§ EXERCISE PROMPT:
From the listing below, restate word for word the lines from the line containing "Cómo actúa cada" down through the line containing "Sanlam logo for". Exclude pictures.

§ MATERIAL PROVIDED:
Segment Open

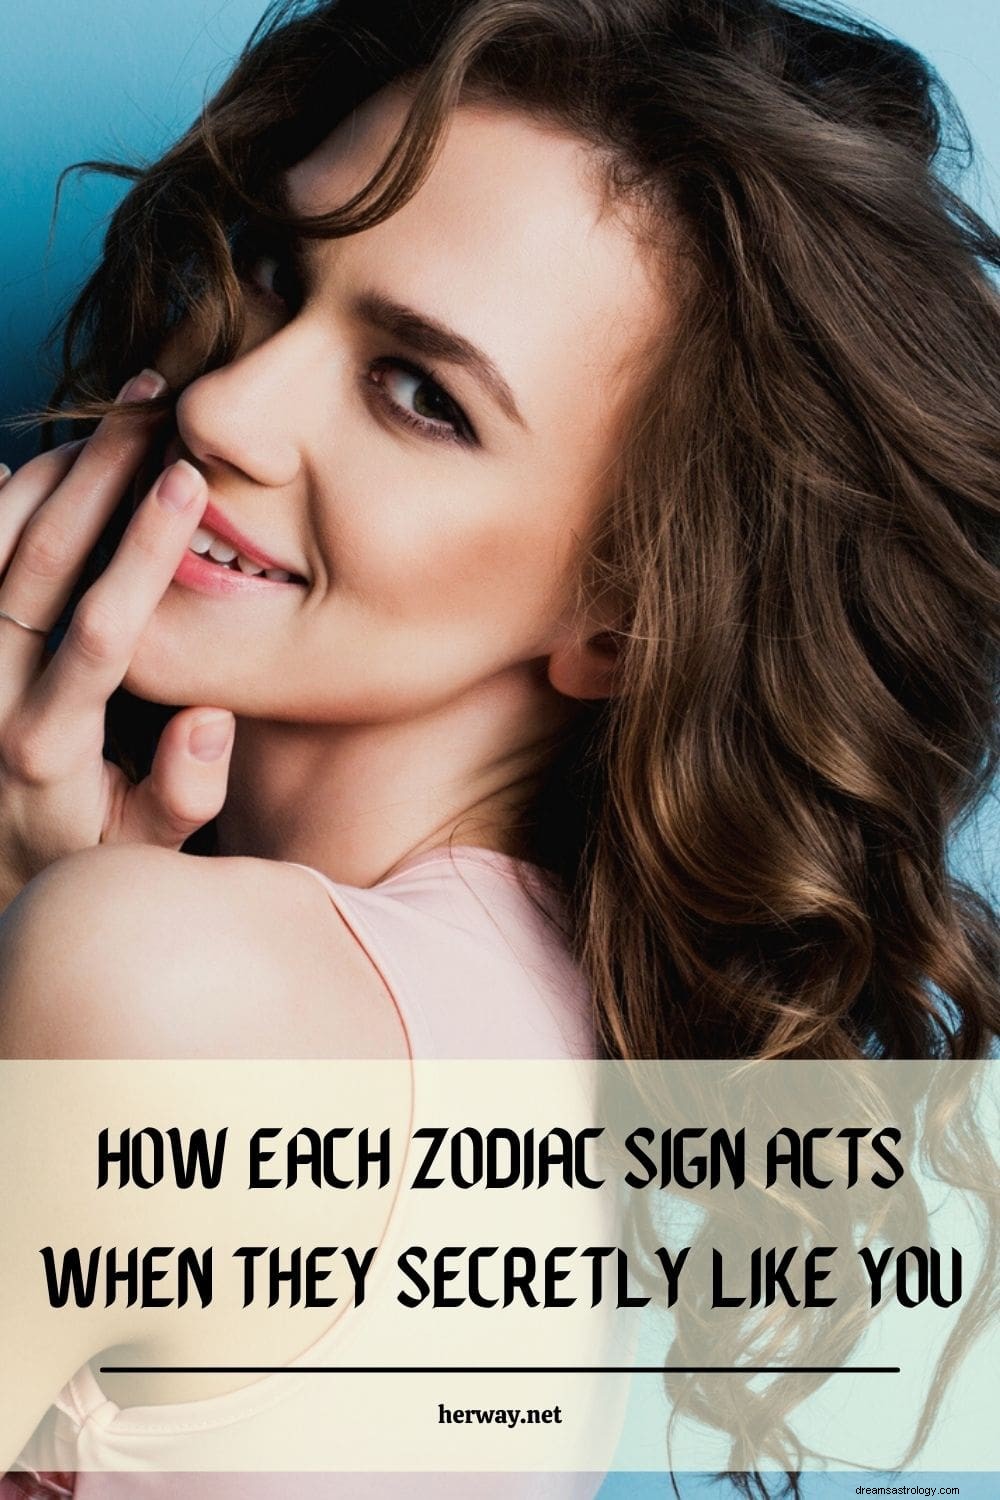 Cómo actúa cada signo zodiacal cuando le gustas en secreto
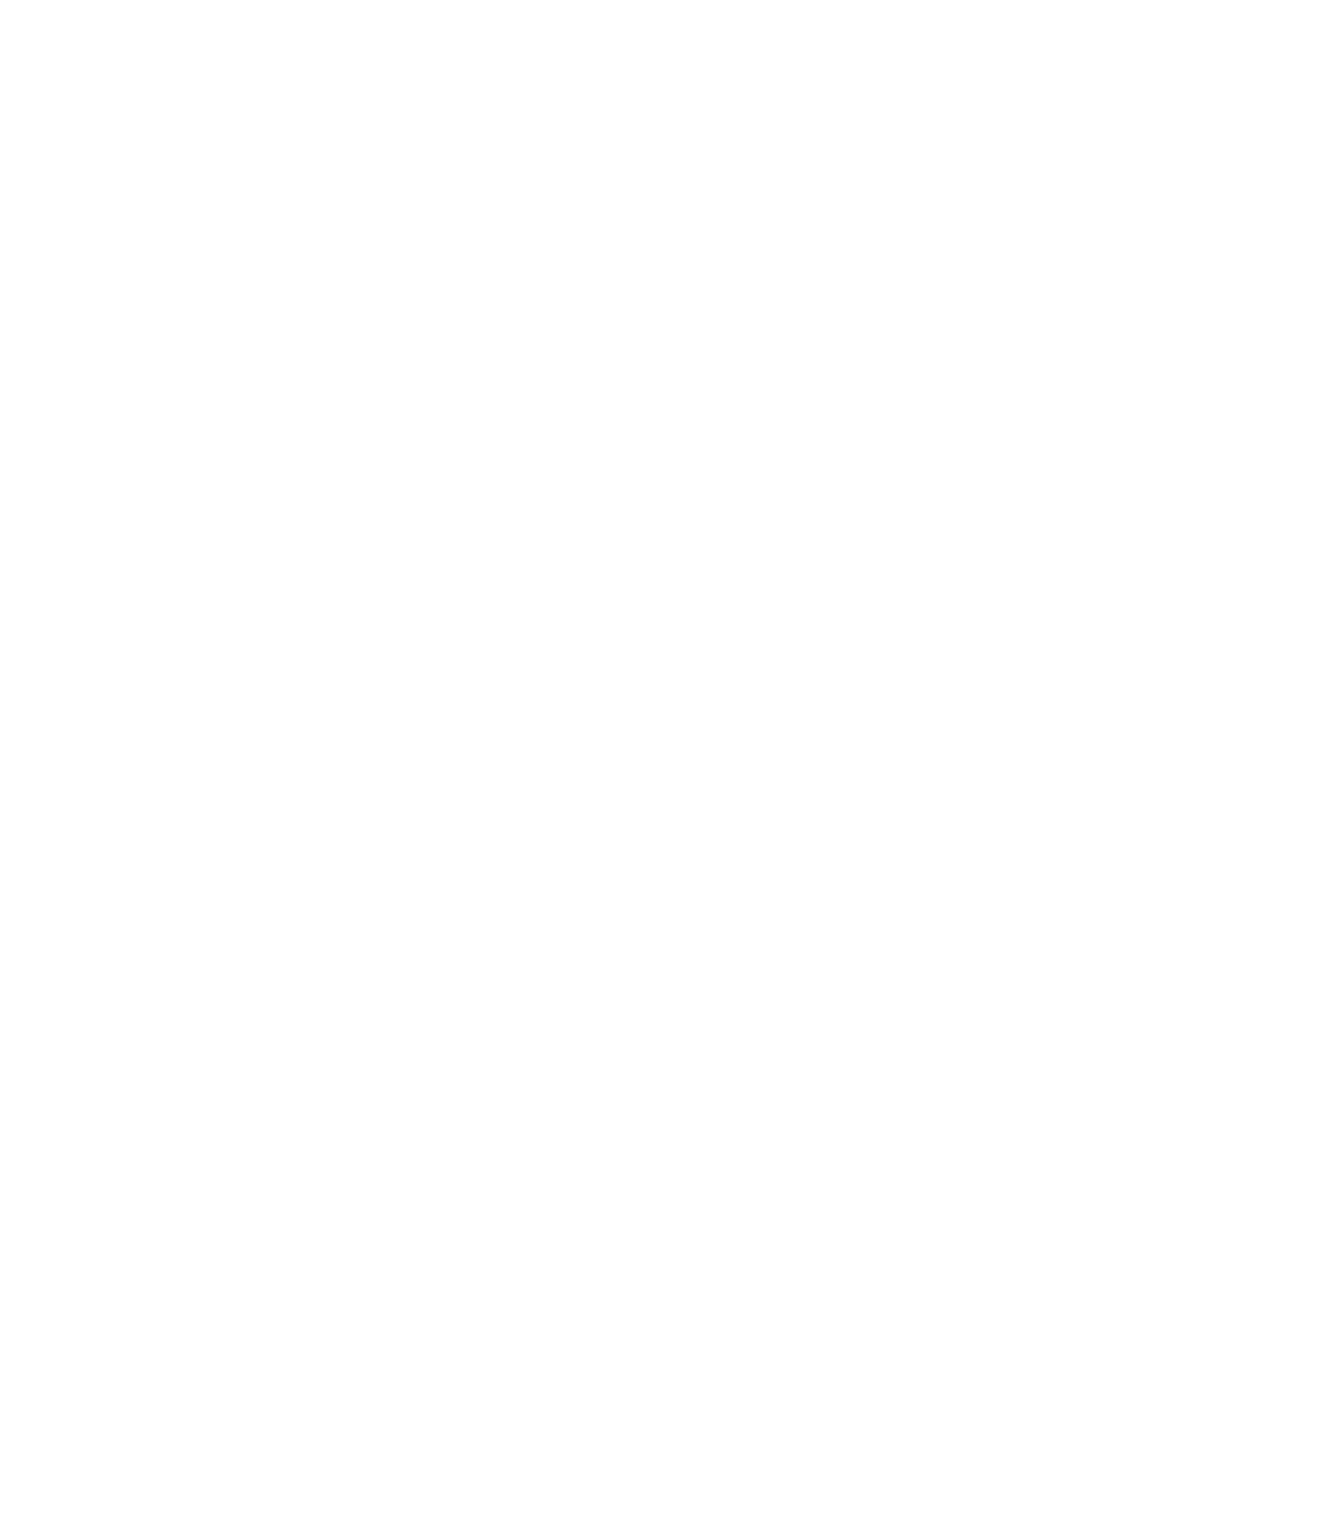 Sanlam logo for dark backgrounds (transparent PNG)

Segment Closed
Segment Open

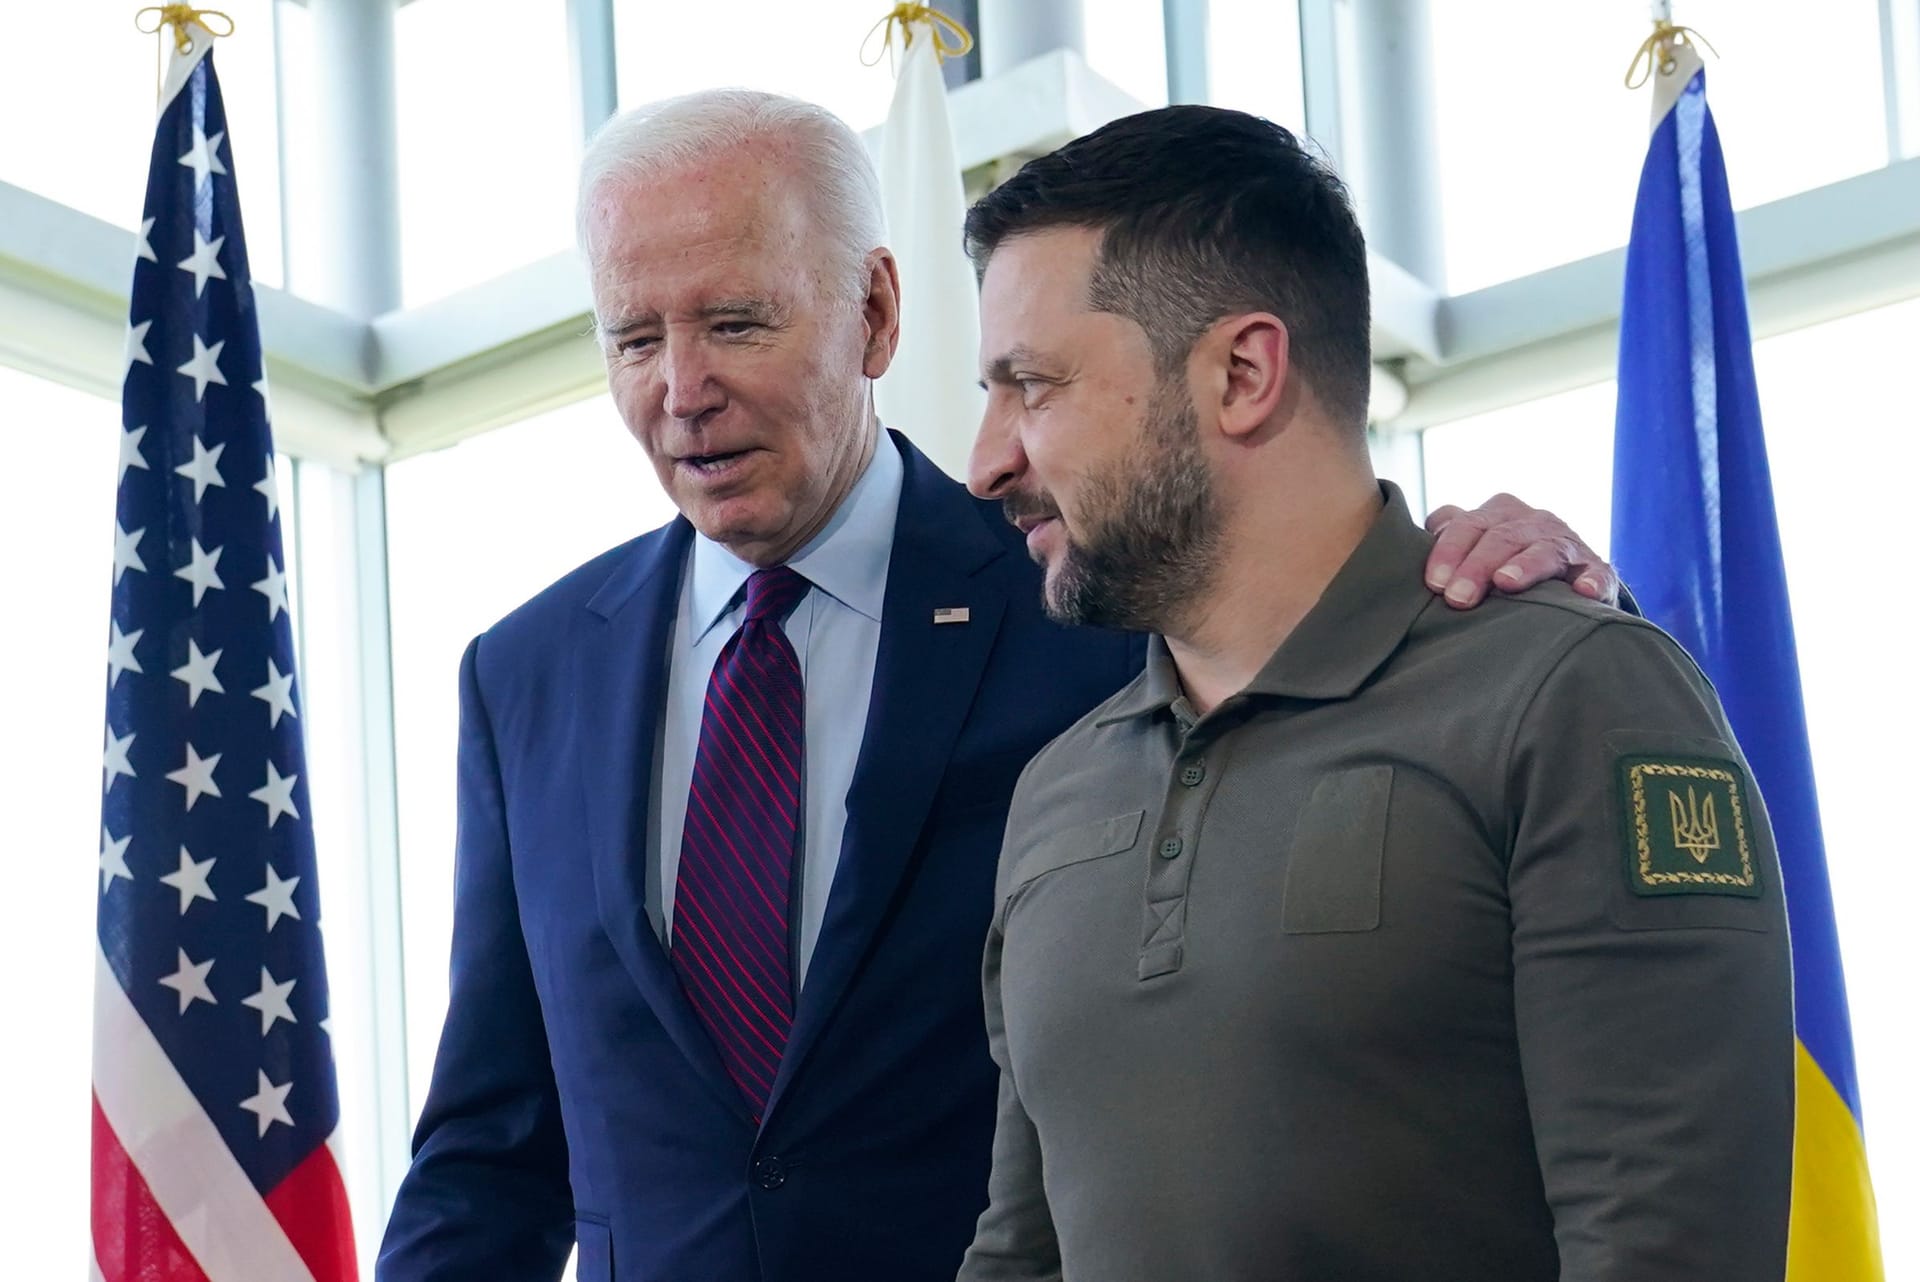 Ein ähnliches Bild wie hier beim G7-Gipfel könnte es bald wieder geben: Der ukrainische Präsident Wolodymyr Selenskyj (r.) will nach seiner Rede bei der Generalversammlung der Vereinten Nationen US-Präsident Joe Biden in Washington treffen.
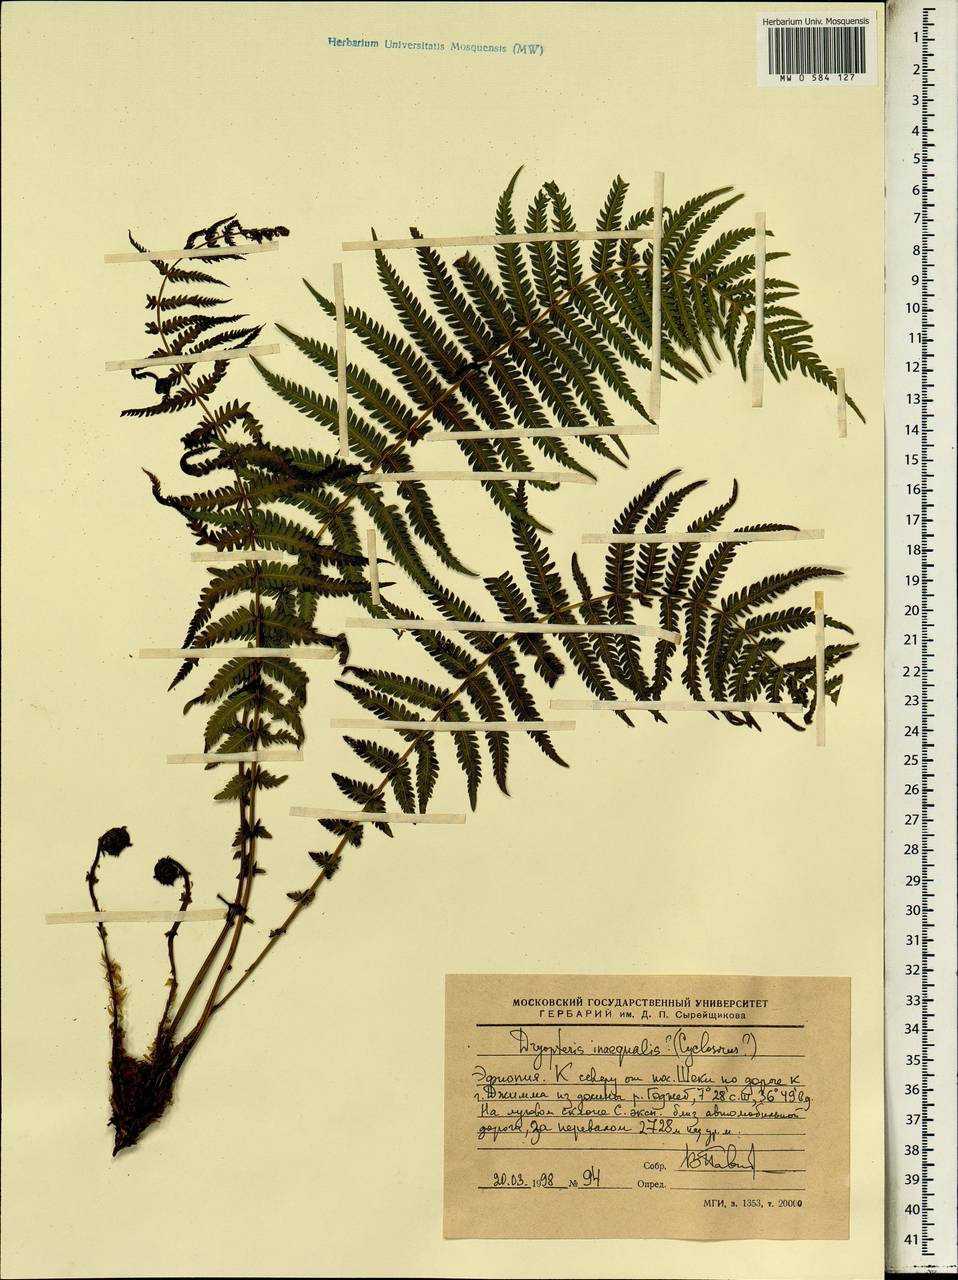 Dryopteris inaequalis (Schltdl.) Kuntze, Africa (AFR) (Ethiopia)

Segment Closed
Segment Open

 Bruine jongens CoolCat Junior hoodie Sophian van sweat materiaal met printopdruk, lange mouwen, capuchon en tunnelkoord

Segment Closed

§ RESPONSE BELOW:
 Cómo actúa cada signo zodiacal cuando le gustas en secreto
 Sanlam logo for dark backgrounds (transparent PNG)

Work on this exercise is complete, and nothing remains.